Doesn't network ranking have to do with advertising?
My memory on this is fading but I think that yes it does. And of course, how many advertisers you can get on your shows, and how much they pay to be there, is directly tied to how your shows & network have performed in the most recent ratings; ie: how many eyeballs could you attract to see those show and the ads attached. Something like that.
Dying is definitely a strong term.
I think more accurately put, its evolving and will continue to do so. Network TV has a strong advantage in some key areas and eventually there will be network executives who understand the changing media landscape enough to capitalize on the strengths and minimize the weaknesses better than the current crop of execs.
When I worked at NBC, I was directly involved in some concepts that were never implemented that were pretty cool and groundbreaking ideas. The ol'skool TV execs were threatened by the internet and all things interactive and saw it overall as a distraction from their mainline business objectives. Warren Littlefield and Don Ohlmeyer were particularly dense in these areas in my limited experience. From my exterior perspective, I don't think NBC's Jeff Zucker gets it today either.
Ironically enough, the one NBC executive I encountered who really understood the possibilities of the merging of media was Jamie Tarses. It was one thing she 'got'. But we all know what happened to her...
Too many people see it as TV vs. everything else. It is never as simple as that.
The correct answer is TV + everything else.
Someone will figure that out and do it right eventually. And then it will be the 'cyclical' thing I referred to earlier in this thread. When that happens, industry rags will do stories on the rebirth & resurgence of network television etc.
I have a LIFE Magazine from 1948 that predicts TV will never catch on and never compete with radio effectively and may be doomed to failure. And then I have another article that was published some years later that predicts that 'radio as we know it today is doomed'. That article was written over 25 years ago.
That article actually was right of course, after a fashion at least. Radio did evolve into a completely different animal. Some would argue for the worse. As someone who is a bit a student of media in all its forms and who now works in that same radio business, I agree somewhat. Or at least I long for some of the things that are gone as part of those changes. It's hard to separate the emotional connections.
We went thru this massive automation phase, but then that went away. And most recently, at least stateside, radio went thru the Clear-Channel consolidation phase, but even that now is disappearing as Clear Channel frees itself of hundreds of licenses. The process will create once again, what CC got rid of -- local & regional pockets of ownership. The key to radio is being live and local. National ownership with all kinds of syndicated programming couldn't accomplish those two goals; nor could automation.
I harp on cyclical, but I've seen enough to know that the industry (be it TV, Radio, Movies whatever) is driven in large part by the executive ranks .. and the very nature of the business means those people turn over in big numbers every 10 to 15 years. (often much sooner than that)
And just as the staffing is cyclical, so are these arguments proclaiming the death of any given form of media or delivery method.
Radio was going to be the death of newspapers and record sales.
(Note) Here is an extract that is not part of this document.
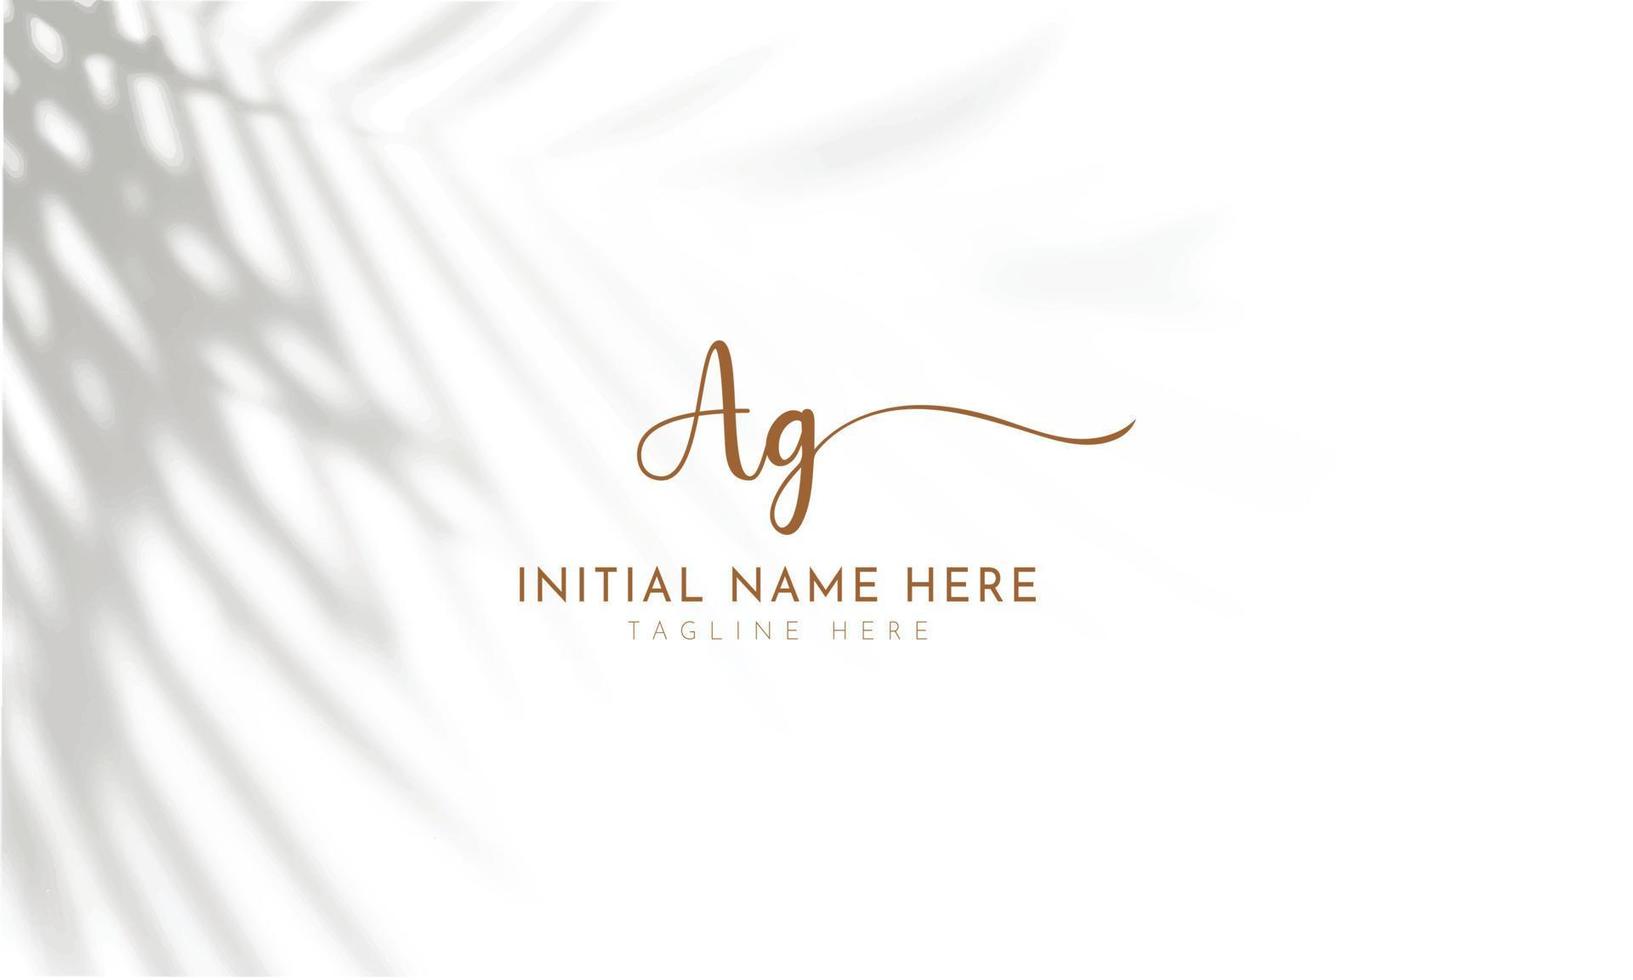 AG G A initial signature logo template vector

Movies supposedly marked the end of live theatre. Television was going to kill off radio and/or the movies. Cable was going to be the network-tv-killer. Home video was going to ravage the movie industry. Satellite was going to kill cable. Pay Per View was going to kill the home video sales/rental business. TIVO was going to change EVERYTHING.
And of course, computers & the internet were going to team up to kill network AND cable TV, radio, the movies, the music industry, newspapers, magazines, the video rental business, cable TV, satellite, TIVO, your home phone service, Kodak's entire photography business, the adult novelty store, your local grocery store and probably books too!
None of things happened in the dramatic fashion envisioned.
Instead, each has changed the media world in both big and small ways. So I can't honestly think that the internet/iPod/YouTube/whatever will kill network TV. But it sure will change things. That's how it goes.
If you don't like change, stay the heck away from a job in the media industry.
With each introduction of a new media form, or method of delivery, it changed the landscape considerably and sometimes yes even dramatically, but it didn't kill those industries in one fell swoop. Instead, the economics changed, the audience shifted and frequently the size scaled, those who couldn't change or evolve in a profitable fashion failed or were bought, the rest carried on and the industries evolved.
Corporate natural selection if you will; the free market & capitalism in action. The only alternative I can think of is communism.
Network TV, just like radio, movies, newspapers, books and live theatre, ain't dying. It's changing and probably in some pretty substantial ways.
It may not be the network TV we're used to or the one we liked. And in a few years we may not even recognize it all, but it ain't going anywhere.